LISTED RECORDS -
-- Opening Marker --

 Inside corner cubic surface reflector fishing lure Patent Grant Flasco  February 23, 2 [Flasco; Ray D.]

-- Closing Marker --
-- Opening Marker --

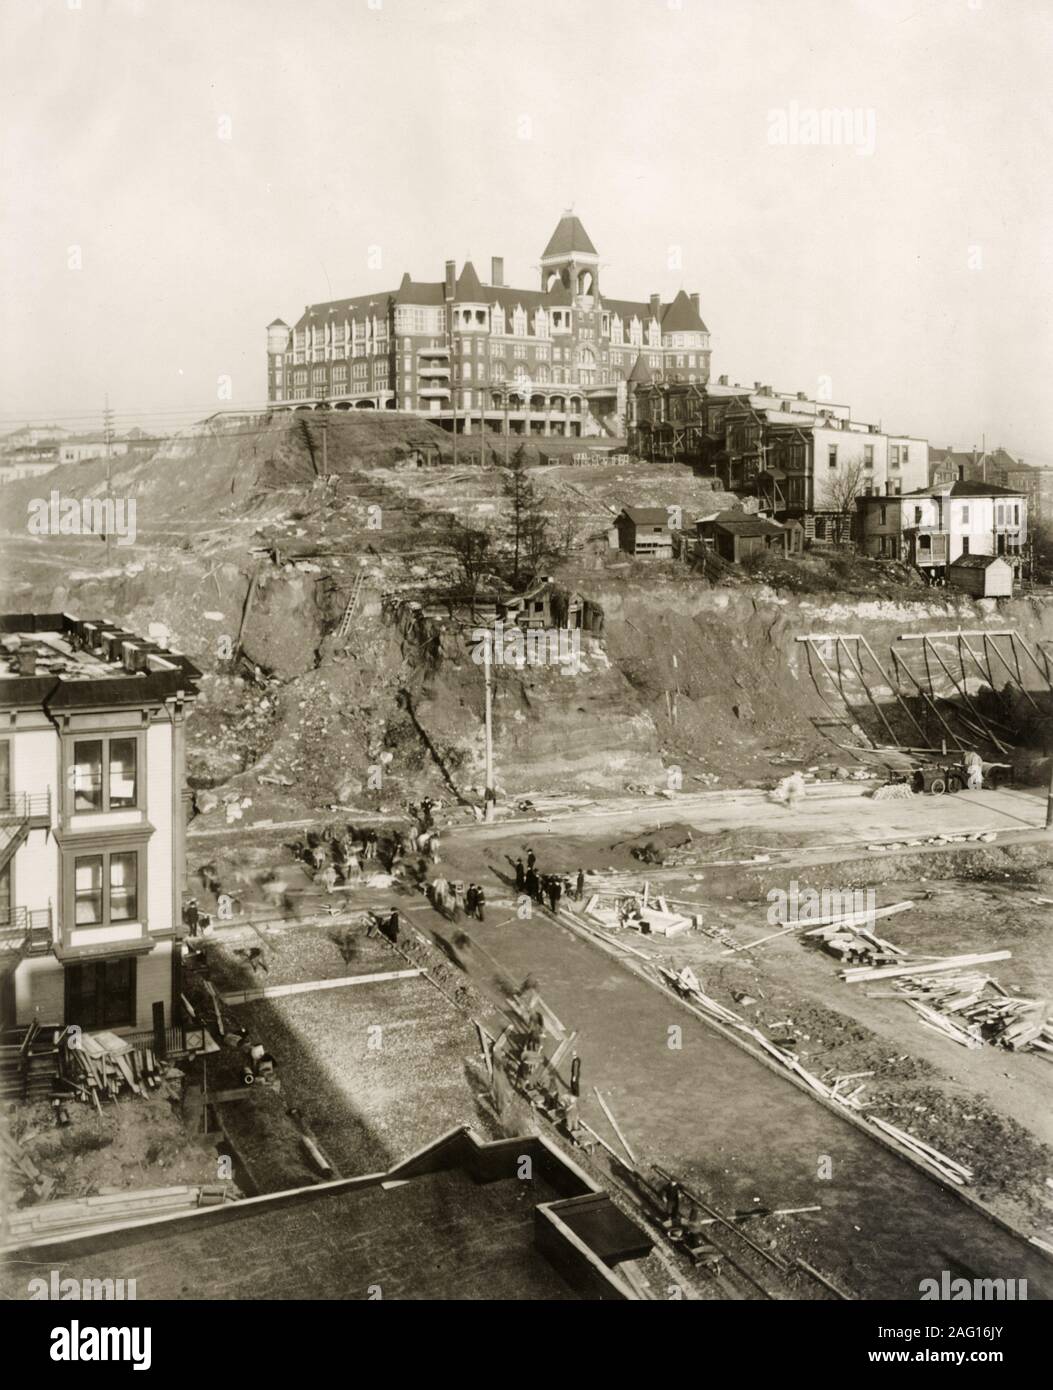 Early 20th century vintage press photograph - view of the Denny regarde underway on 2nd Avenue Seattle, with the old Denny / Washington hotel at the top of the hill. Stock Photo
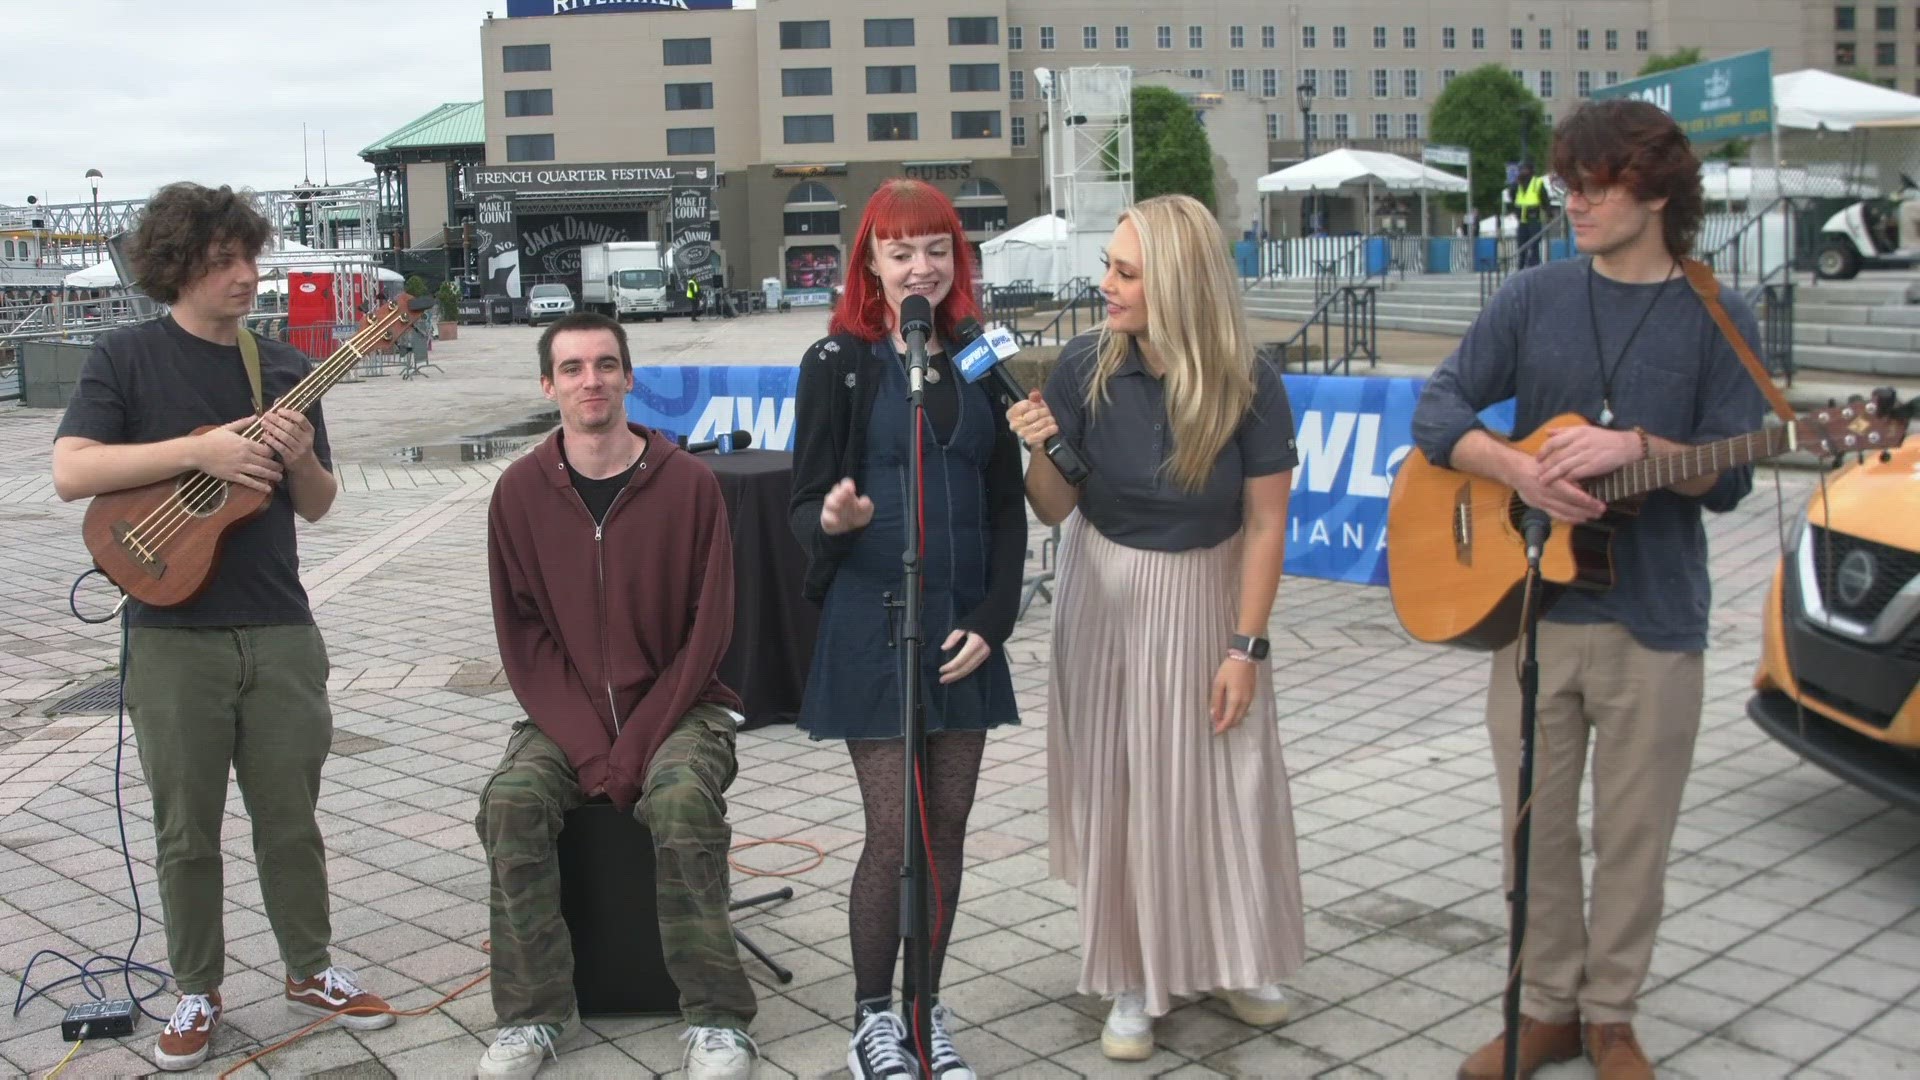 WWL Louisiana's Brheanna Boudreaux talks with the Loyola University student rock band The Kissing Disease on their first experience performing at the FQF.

-- Closing Marker --
-- Opening Marker --

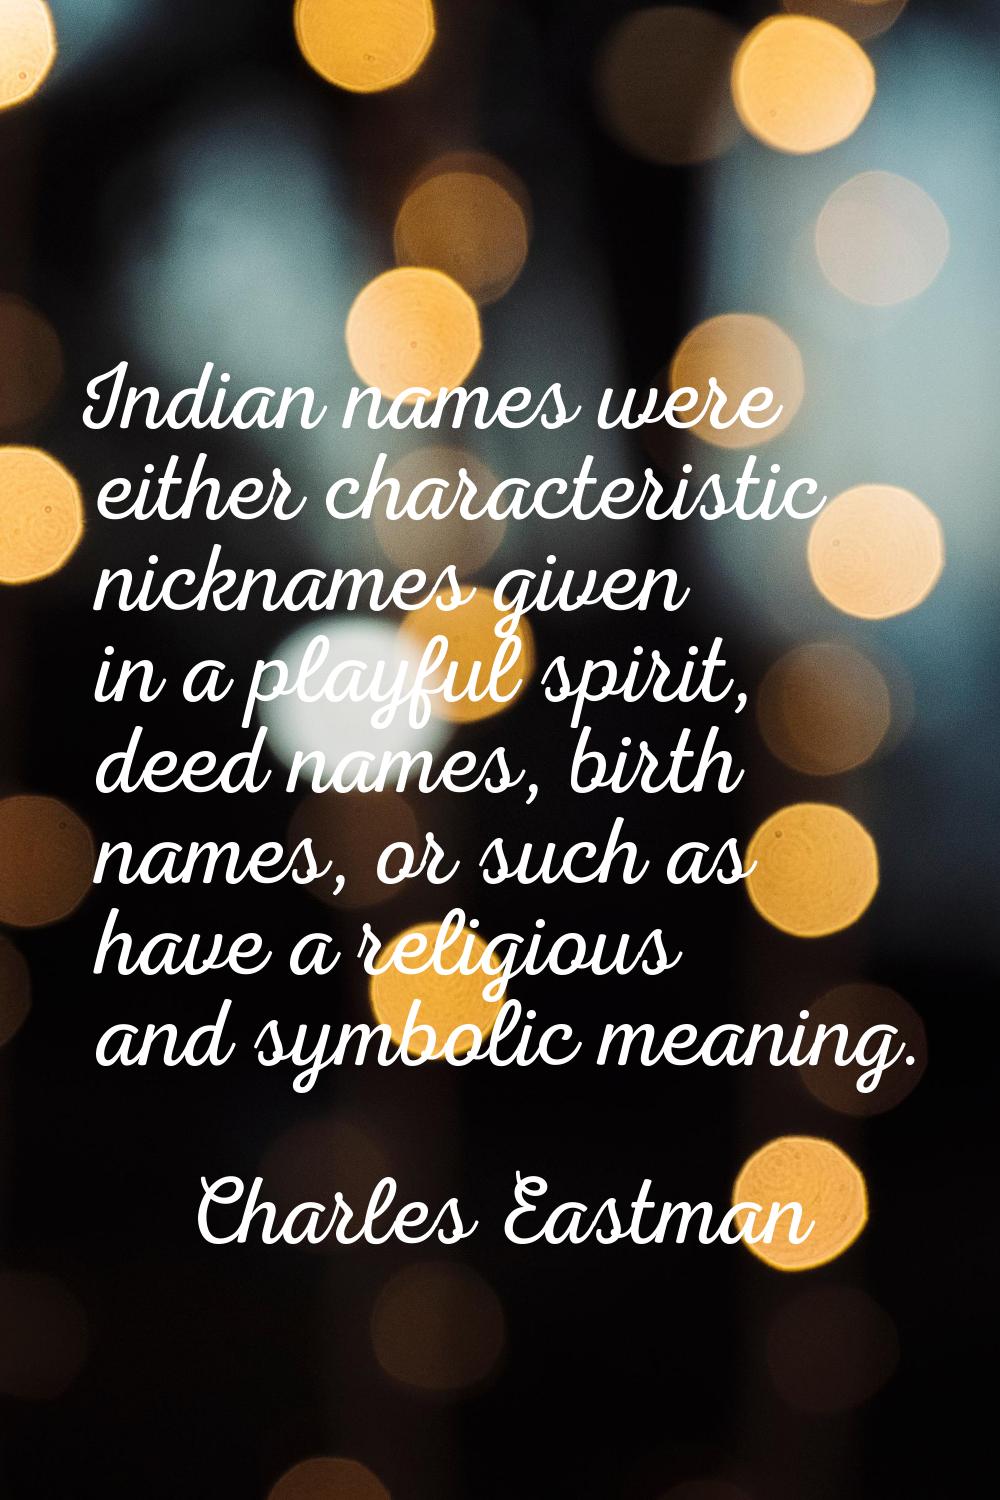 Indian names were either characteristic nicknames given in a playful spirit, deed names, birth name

-- Closing Marker --

WHAT YOU HAVE TO DO - Leaving out the pictures, please output the lines in the entries above from the one with "Early 20th century" through the one with "WWL Louisiana's Brheanna", exactly as they are.

WRITTEN REPLY -
 Early 20th century vintage press photograph - view of the Denny regarde underway on 2nd Avenue Seattle, with the old Denny / Washington hotel at the top of the hill. Stock Photo
 WWL Louisiana's Brheanna Boudreaux talks with the Loyola University student rock band The Kissing Disease on their first experience performing at the FQF.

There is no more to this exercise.